Voilà qu'on se retrouve à 3 heures du matin, dans une de ces insomnies irrémédiables.
Un cauchemar où je vois mes enfants, où je me dispute avec eux et le réveil me laisse avec une sensation brutale de tristesse. Ils sont au chômage depuis longtemps l'un et l'autre, et je rumine le tragique de leurs pensées, quand, dans une nuit identique à celle-ci, ils ouvrent les yeux dans l'obscurité pour s'interroger sur leur place dans le monde. Un monde qui ne conçoit pas d'identité sans celle que confère le travail. Je suis malheureux pour eux. Je me refuse à les harceler en les culpabilisant davantage : "Alors, tu vas trouver un boulot, oui ? Tu vas te remuer un peu ?" parce que c'est tellement difficile.

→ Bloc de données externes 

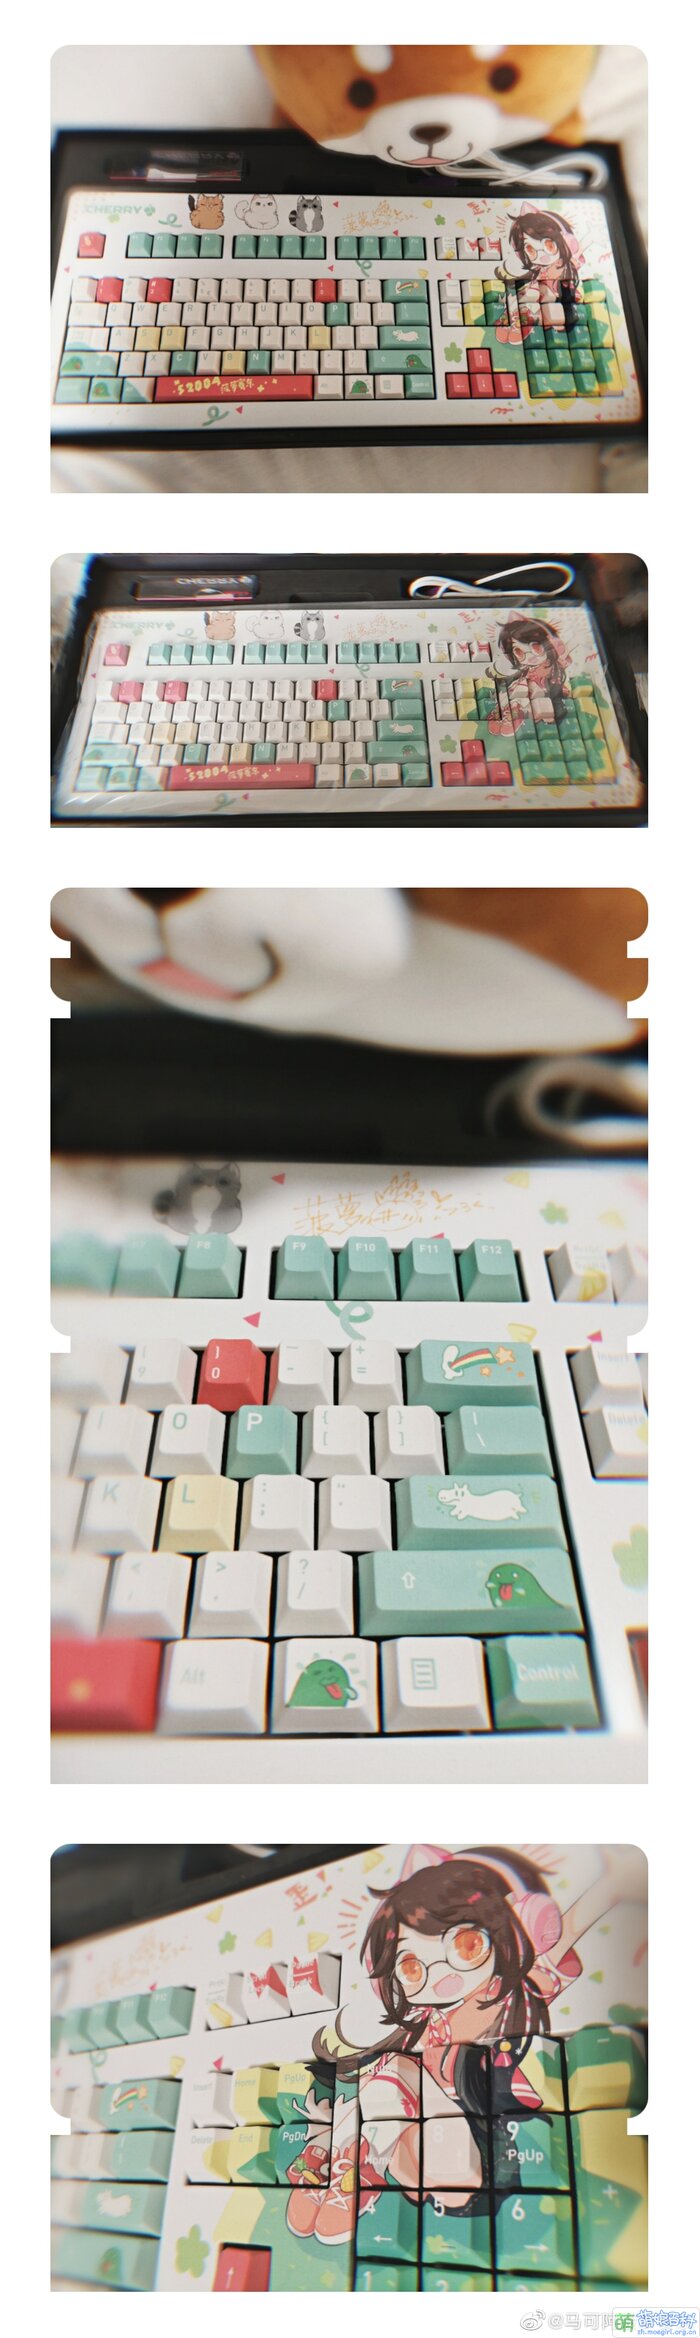 菠萝赛东键盘1.jpg
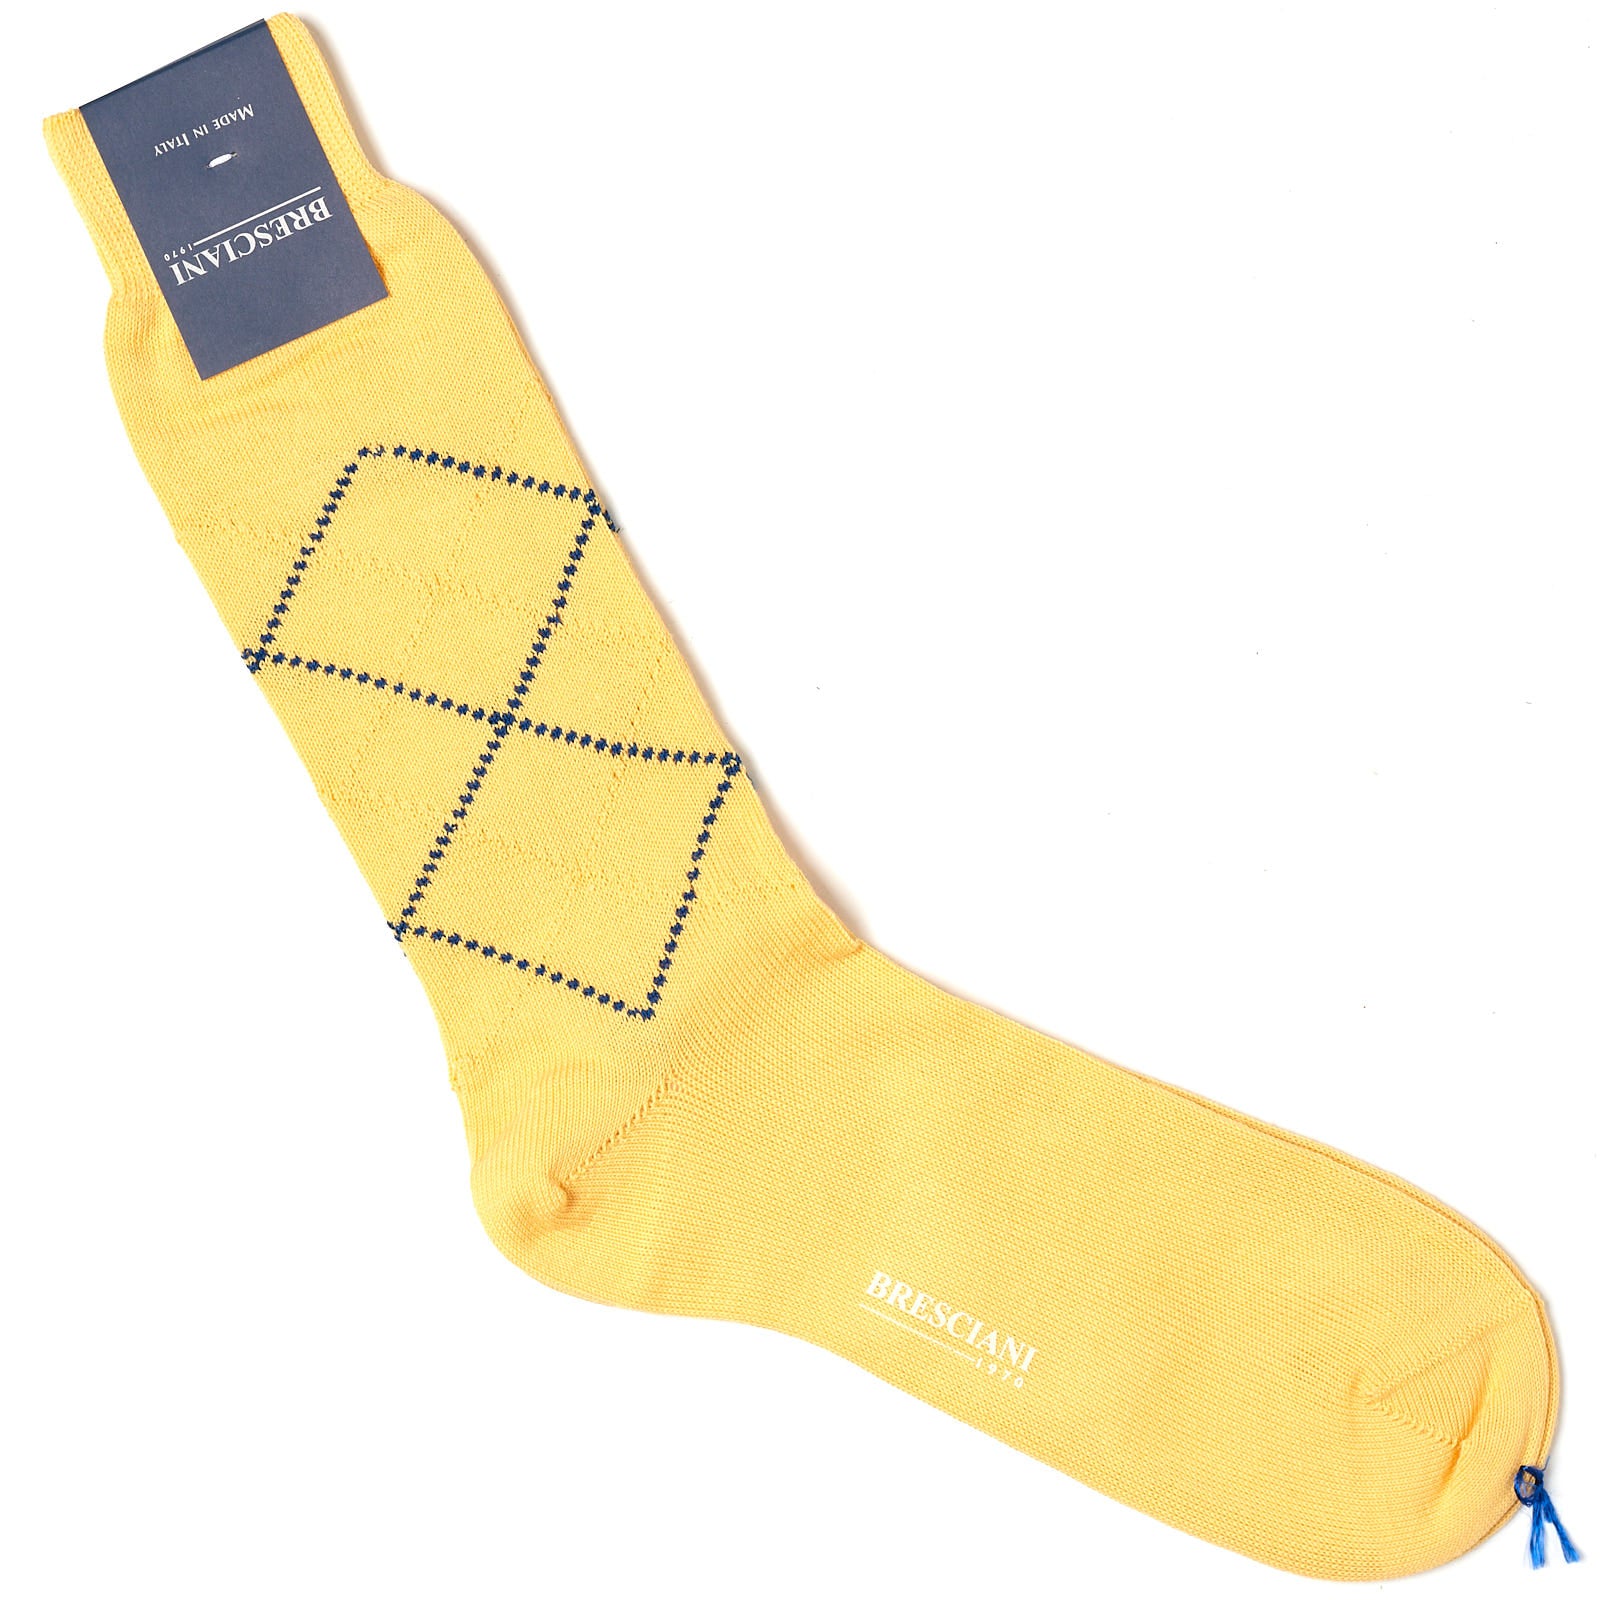 BRESCIANI Cotton Argyle Design Mid Calf Length Socks M-L BRESCIANI

Le plus dur est d'être impuissant dans cette société qui s'exprime chaque jour davantage sous des formes brutales.
J'écris un peu, en attendant l'aube. Et pourquoi pas sur Kronix, tiens. Cette nuit, je pense à tous les amis et proches, giflés par la brutalité du monde. Je pense à ces garçons intelligents, subtils, doux et honnêtes, que leur solitude désespère. Je pense à ces femmes, déjà plongées dans une vie dure, courant entre enfant sans père et travail sans repos, et qui se voient condamnées à trimer ainsi jusqu'à la mort par épuisement, sans qu'aucun répit radieux leur soit accordé. Je pense à ce vieillard décharné qui hante nos rues et beugle sa folie de clochard pendant des heures. Je pense à cet ami précieux qui quitte sa femme et se trouve devant l'abîme d'une vie nouvelle certes, mais seul.
Je ne suis plus triste, mais je sens le poids de toutes ces solitudes. Et je mesure mieux ma chance. Je la souhaite à mes enfants, je vous la souhaite à tous.
Commentaires
Merci...
A voir, à propos de la dictature du travail et la culpabilité qu'elle génère: Man's Job de Aleksi Salmenperä...
Je ne connaissais pas. Merci pour l'information.
Ca ne te réussi pas les insomnies ! On a envie d'aller se tirer une balle direct... mais le texte est très beau et très généreux.
On devrait tjrs avoir un pote insomniaque, qui nous envoie des des pensées positives pendant que l'on dort !
Sinon, je suis bien d'accord sur le principe que, le Travail ne devrait pas être source exclusive d'existence...en même temps, il permet souvent de créer du lien social...
Un des gros intérêts du travail dans notre société de frustrés et de stressés est qu'il permet de s'y abrutir.
Quand je travaille, je ne me souviens plus de qui je suis. Je ne suis plus qu'un employé.
Qu'est-ce que ça soulage !
C'est doublement terrible le chômage : pas avoir de fric/occupation, et ne rien pouvoir faire d'autre que de s'en morfondre (la majorité des loisirs étant payante).